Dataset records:
· · · ·

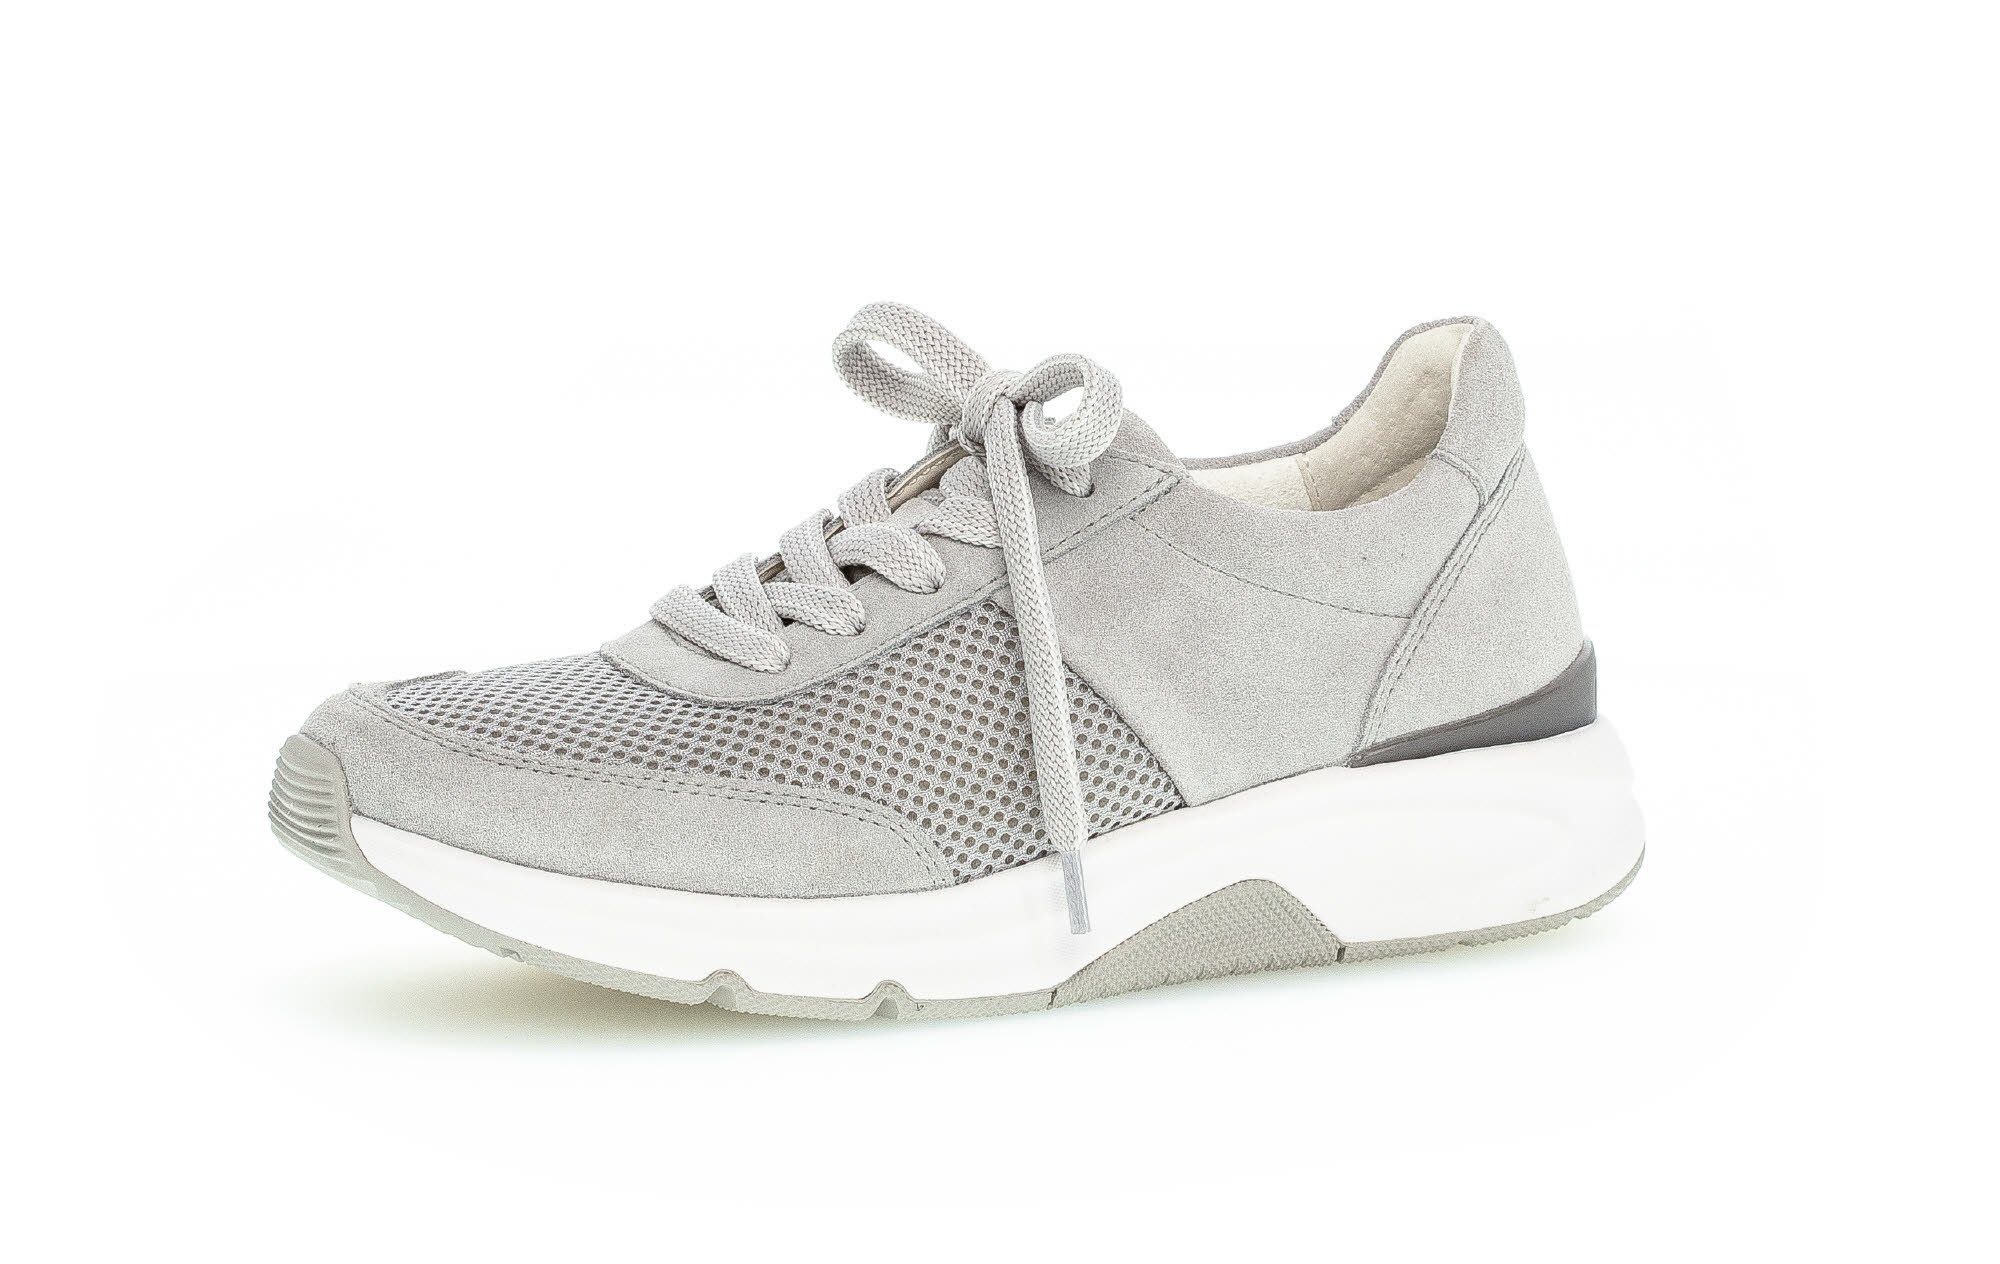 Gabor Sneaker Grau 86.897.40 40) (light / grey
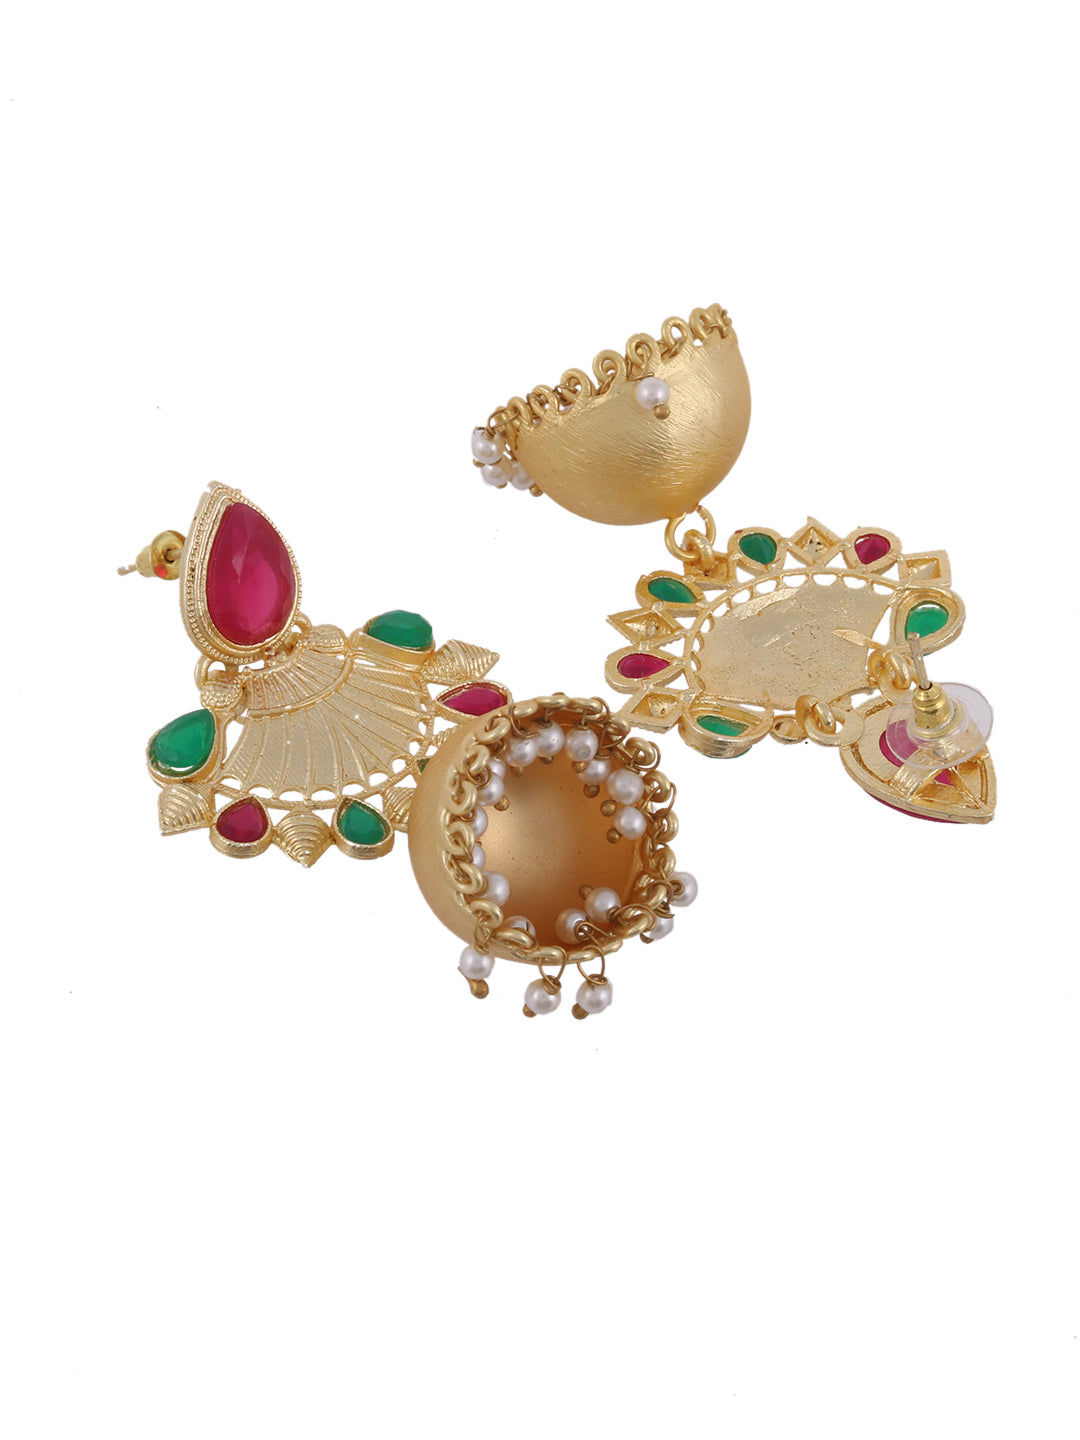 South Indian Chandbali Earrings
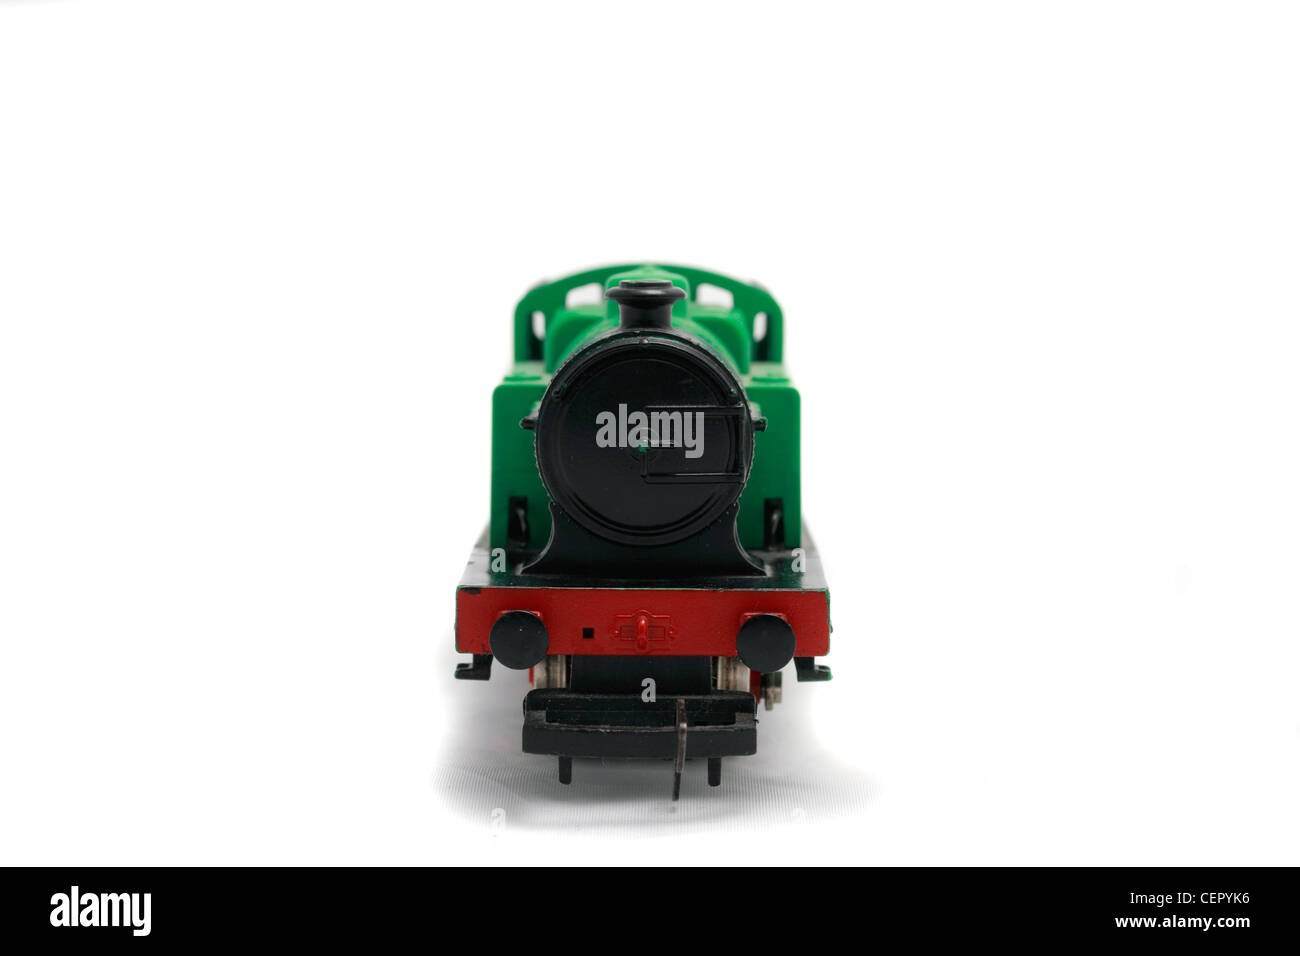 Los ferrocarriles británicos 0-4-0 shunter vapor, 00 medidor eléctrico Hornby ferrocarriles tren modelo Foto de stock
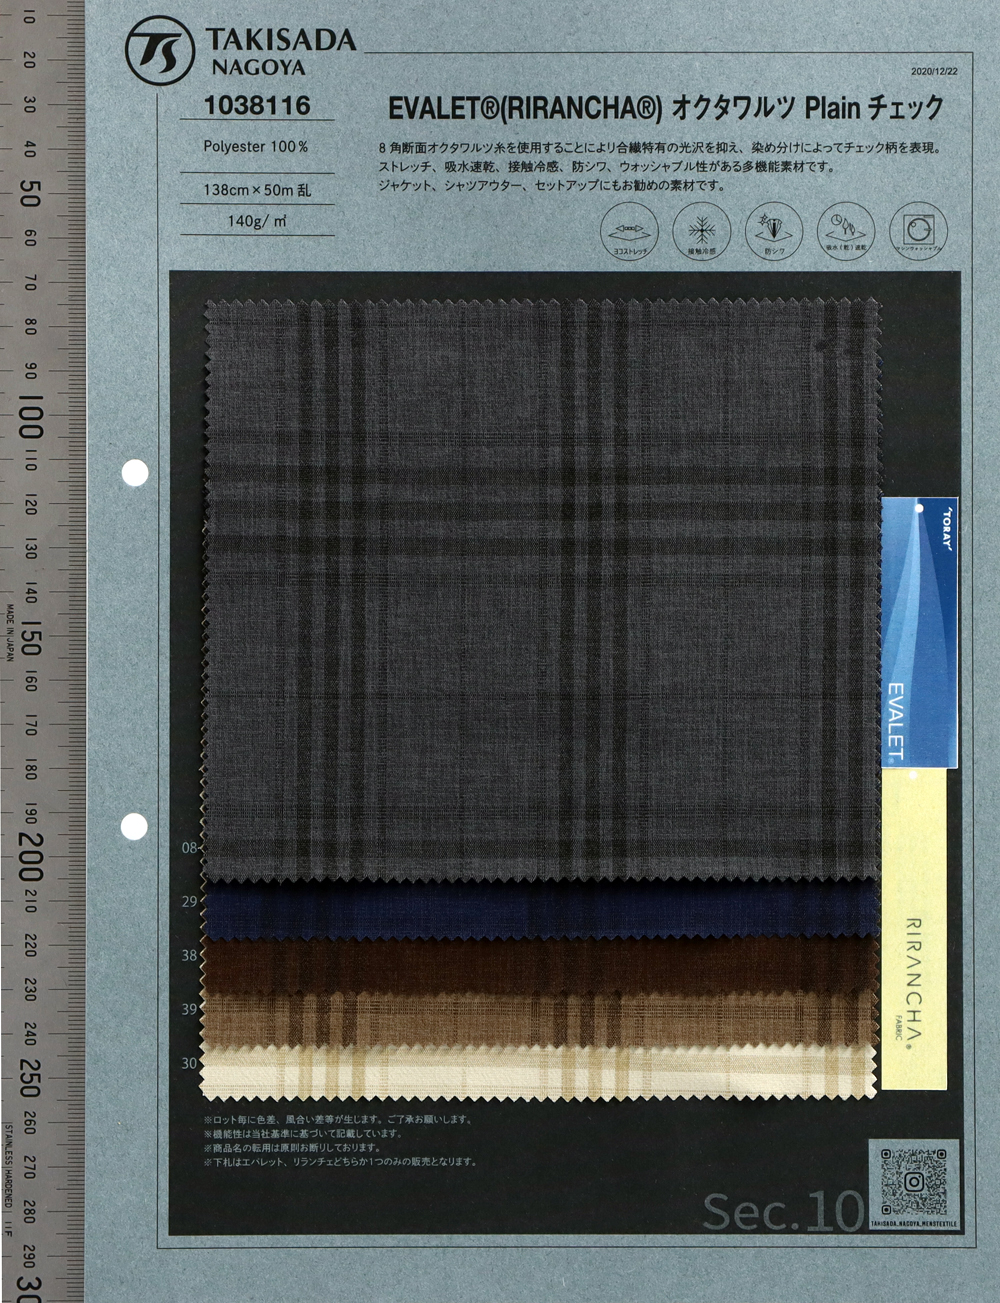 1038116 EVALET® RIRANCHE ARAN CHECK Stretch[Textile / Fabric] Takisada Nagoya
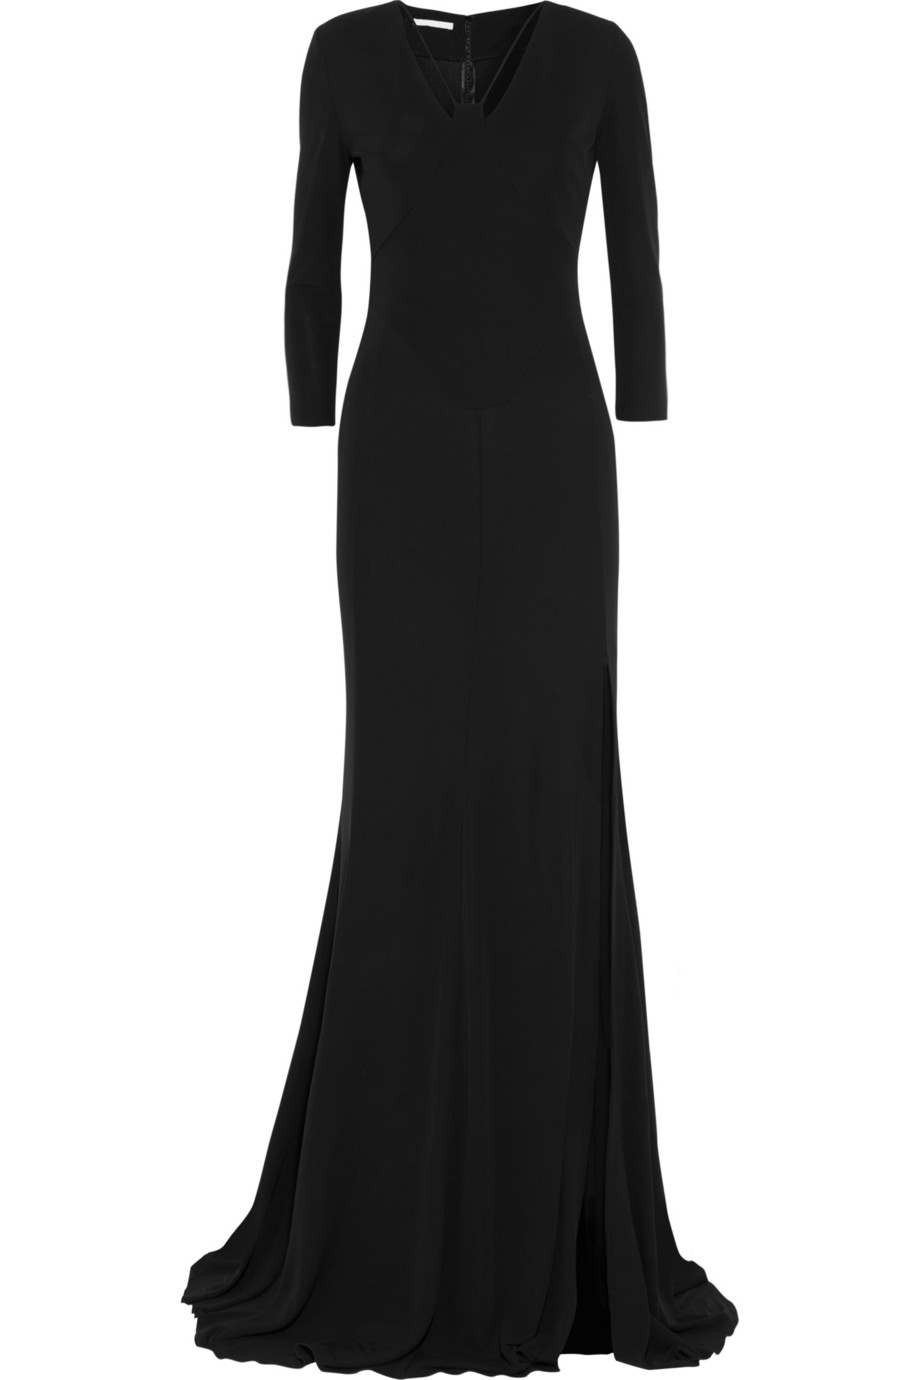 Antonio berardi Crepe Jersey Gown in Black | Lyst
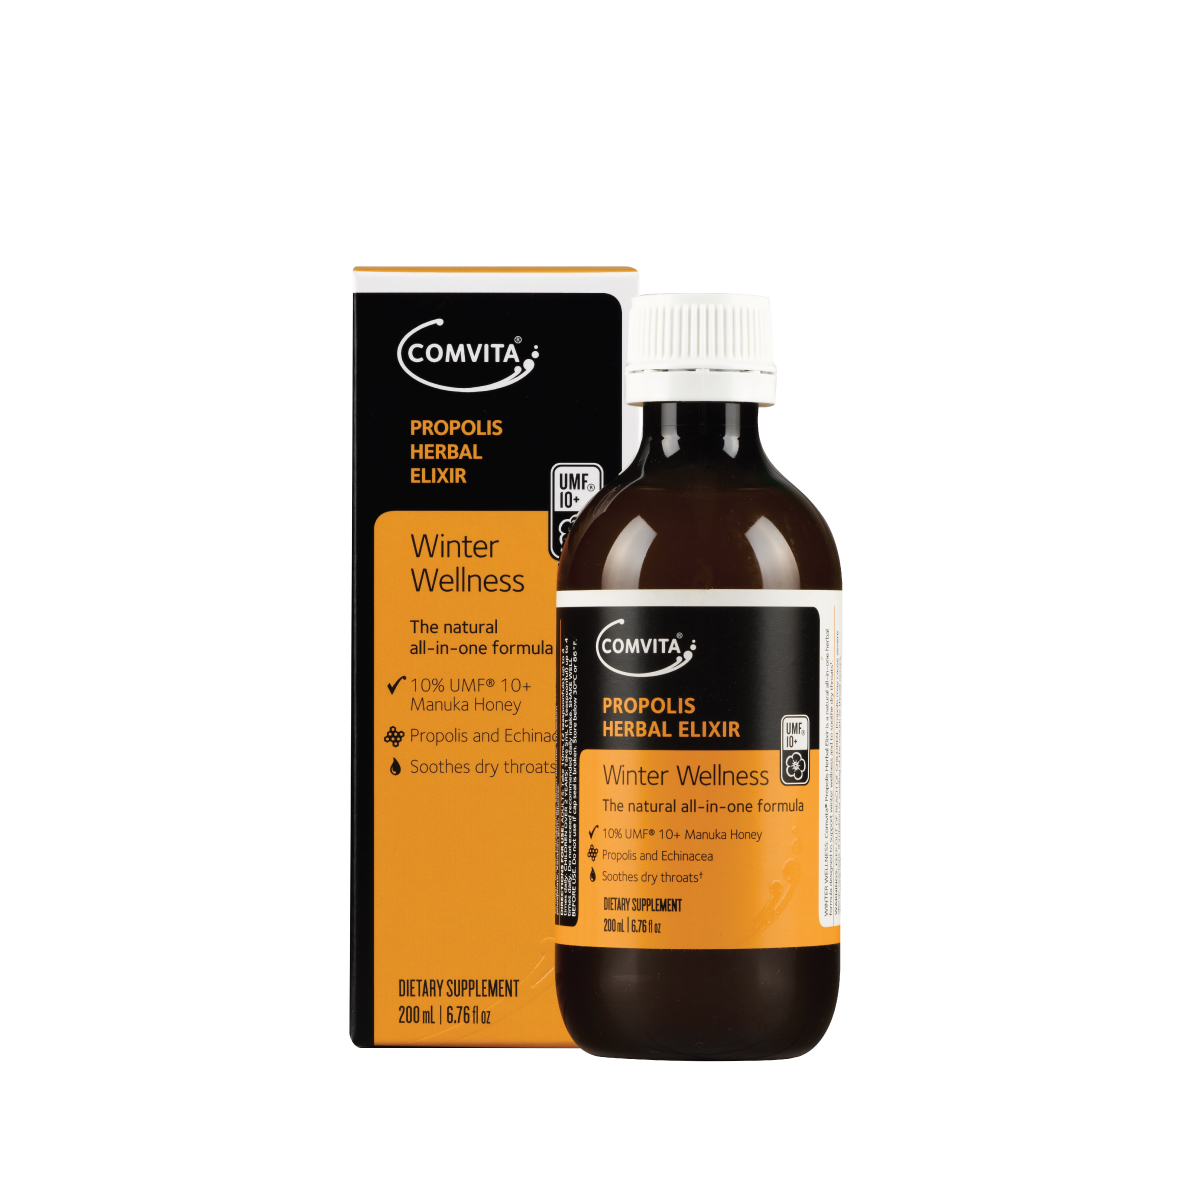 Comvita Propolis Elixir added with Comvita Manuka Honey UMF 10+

· · · ·

WHAT IS NEEDED:
Starting at the line that contains "South Indian Chandbali Earrings", return every line through the end of the records above exactly as written, and return no pictures.

TASK ANSWER:
 South Indian Chandbali Earrings
 Los ferrocarriles británicos 0-4-0 shunter vapor, 00 medidor eléctrico Hornby ferrocarriles tren modelo Foto de stock
 1038116 EVALET® RIRANCHE ARAN CHECK Stretch[Textile / Fabric] Takisada Nagoya
 Antonio berardi Crepe Jersey Gown in Black | Lyst
 Comvita Propolis Elixir added with Comvita Manuka Honey UMF 10+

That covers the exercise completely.